> _DESCRIPTION OF THE TASK_:
Transcribe nothing except the lines below that run from the one with "A 3D diagram" to the one with "American Graphic Styles 2", ends included, and do not copy any picture.

> _MATERIAL TO PROCESS_:
BEGIN

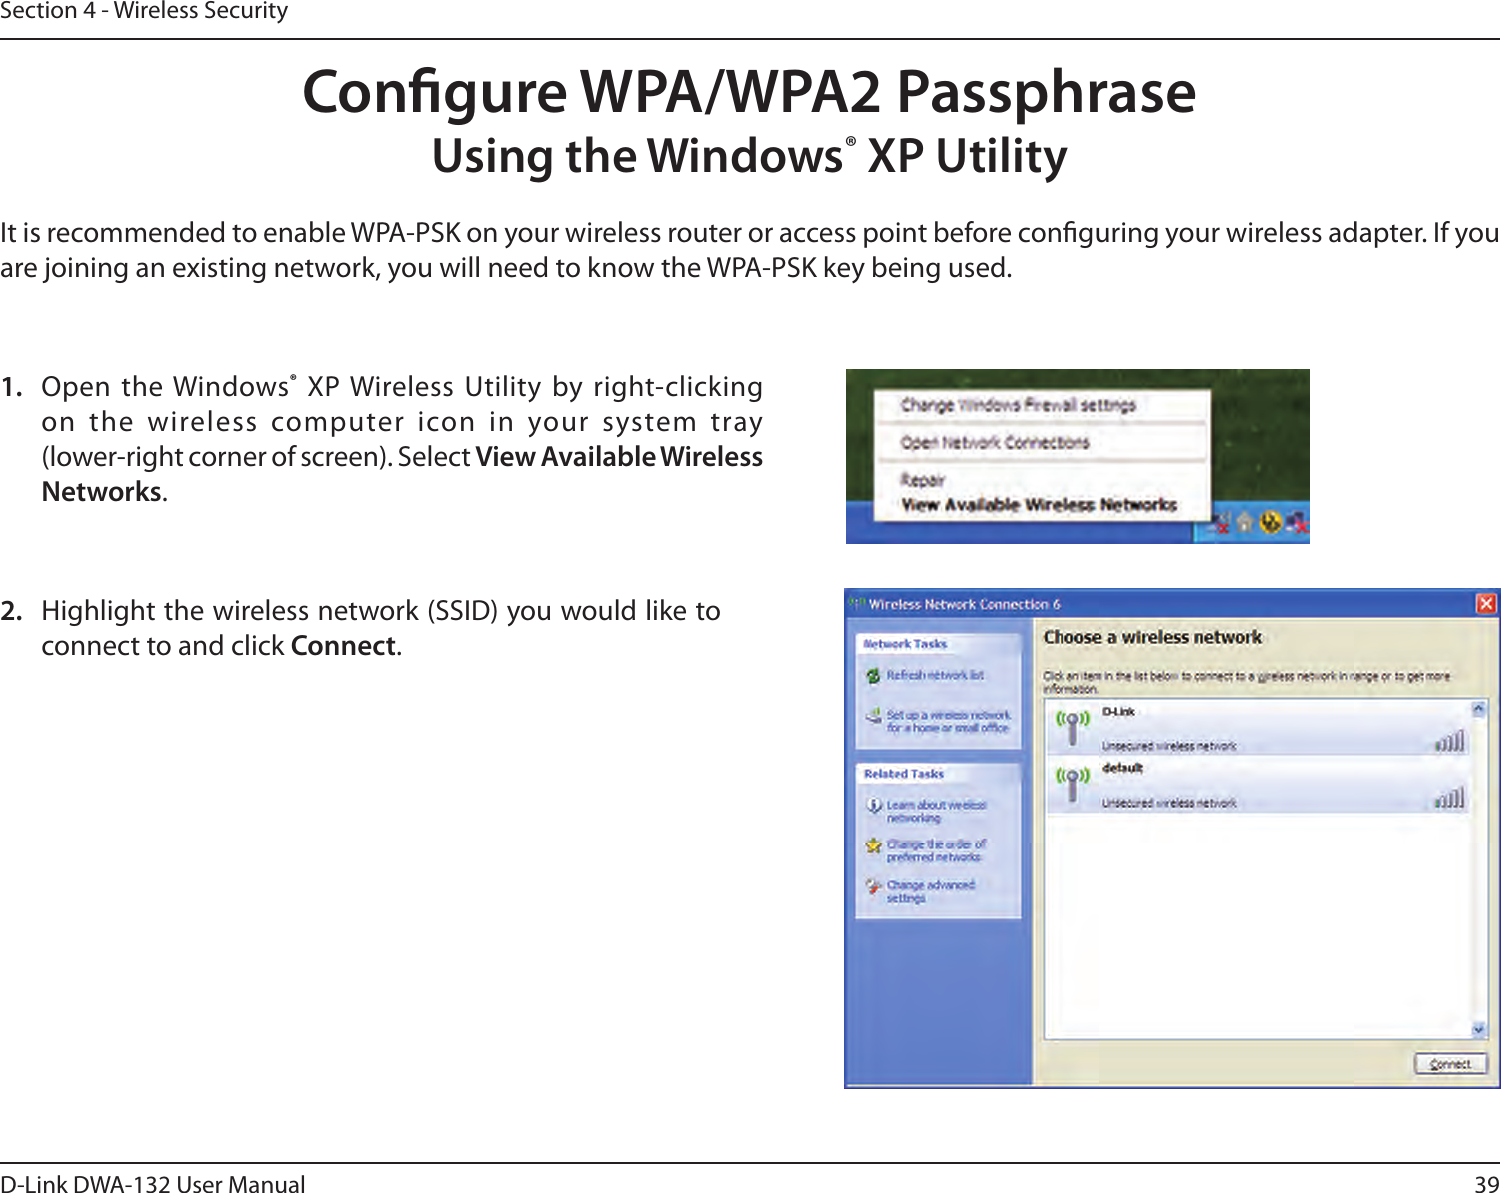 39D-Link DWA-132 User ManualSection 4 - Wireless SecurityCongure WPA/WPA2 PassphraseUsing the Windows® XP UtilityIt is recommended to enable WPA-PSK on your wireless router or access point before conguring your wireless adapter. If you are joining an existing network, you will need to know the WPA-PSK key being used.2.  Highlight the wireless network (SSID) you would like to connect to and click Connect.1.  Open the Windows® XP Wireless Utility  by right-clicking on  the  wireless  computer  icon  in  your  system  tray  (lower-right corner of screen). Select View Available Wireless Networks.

END
BEGIN

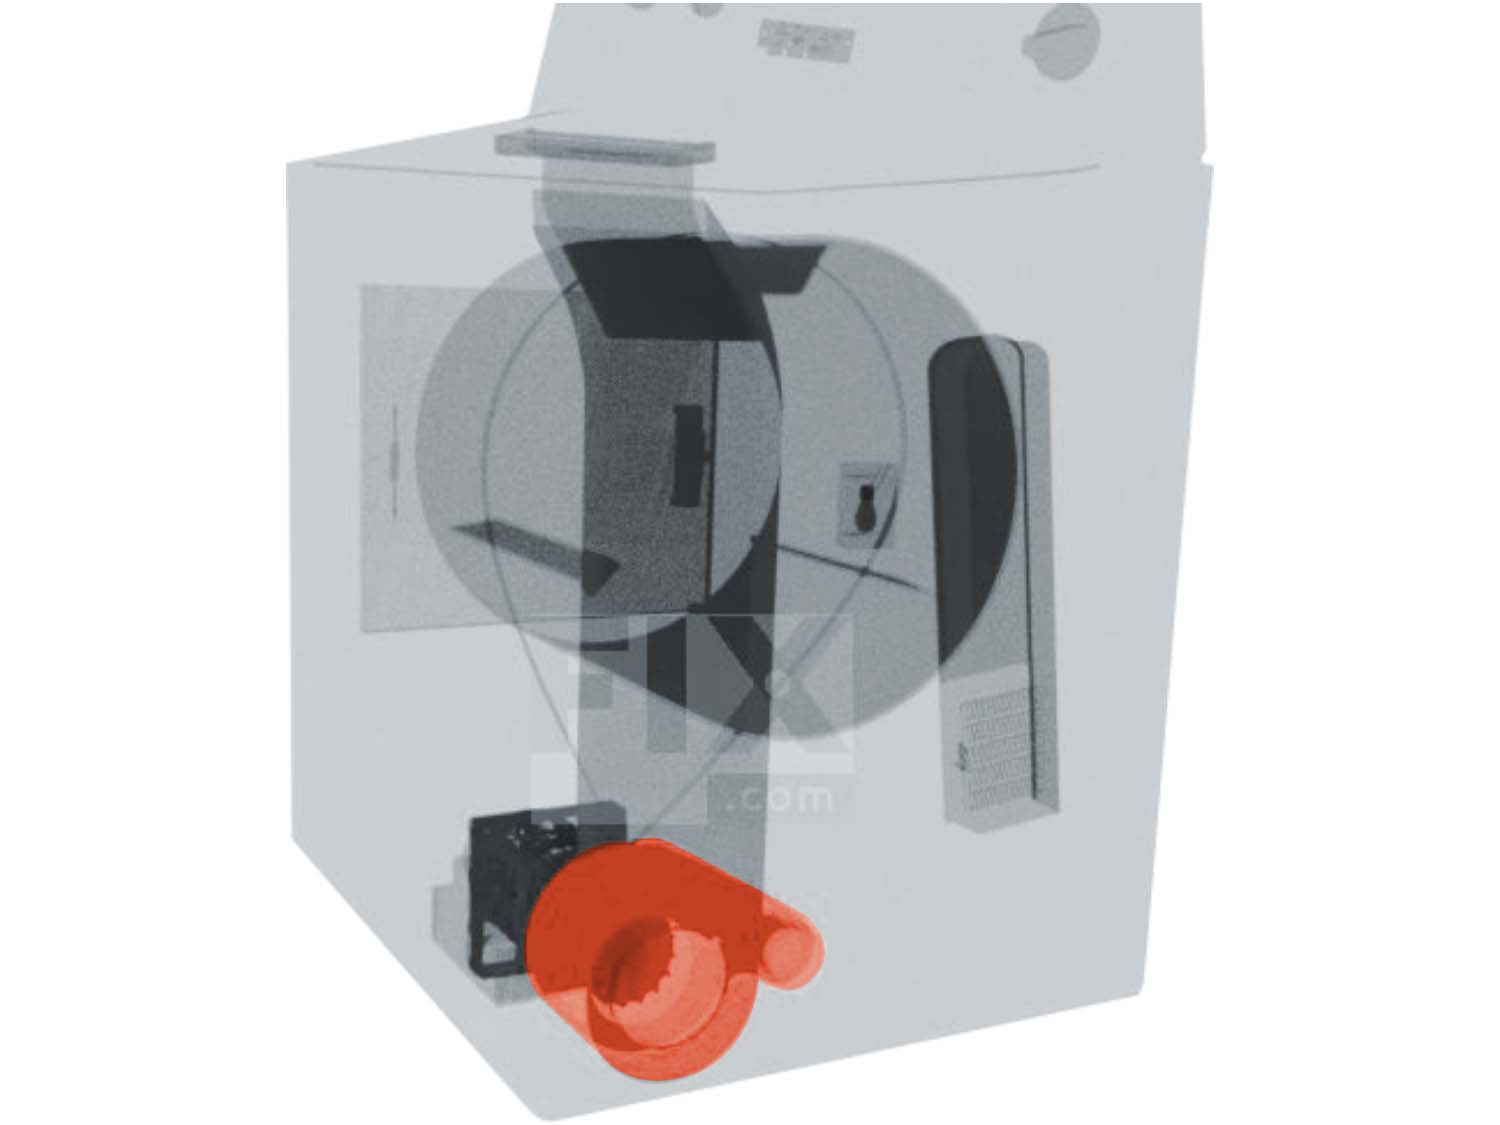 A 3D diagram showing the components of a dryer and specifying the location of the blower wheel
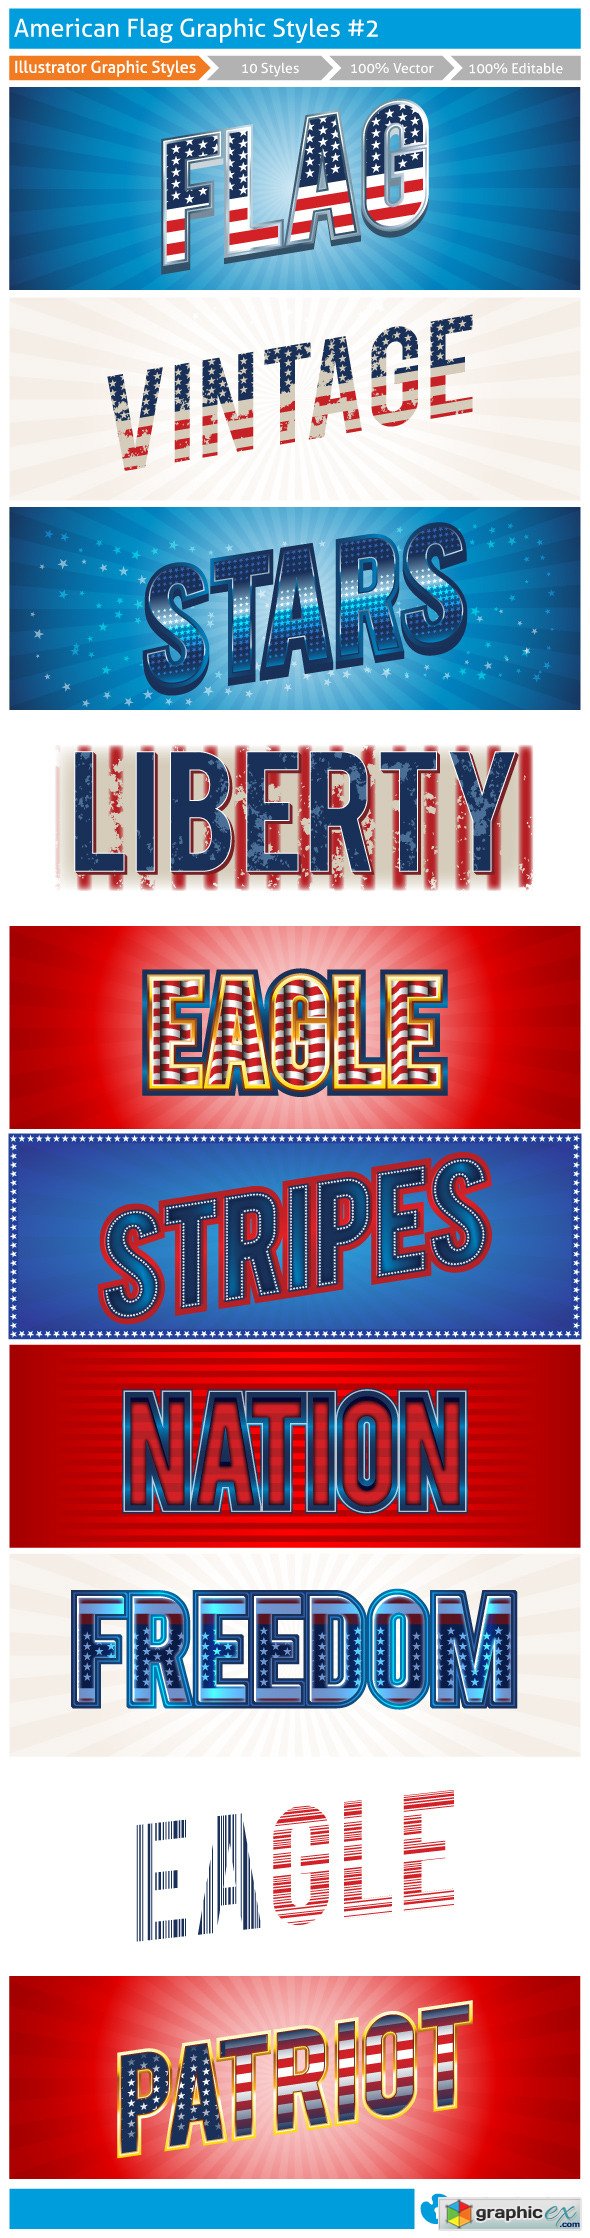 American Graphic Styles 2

END
BEGIN

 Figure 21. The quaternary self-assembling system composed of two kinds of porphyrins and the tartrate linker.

END

> _YOUR SOLUTION_:
 A 3D diagram showing the components of a dryer and specifying the location of the blower wheel
 American Graphic Styles 2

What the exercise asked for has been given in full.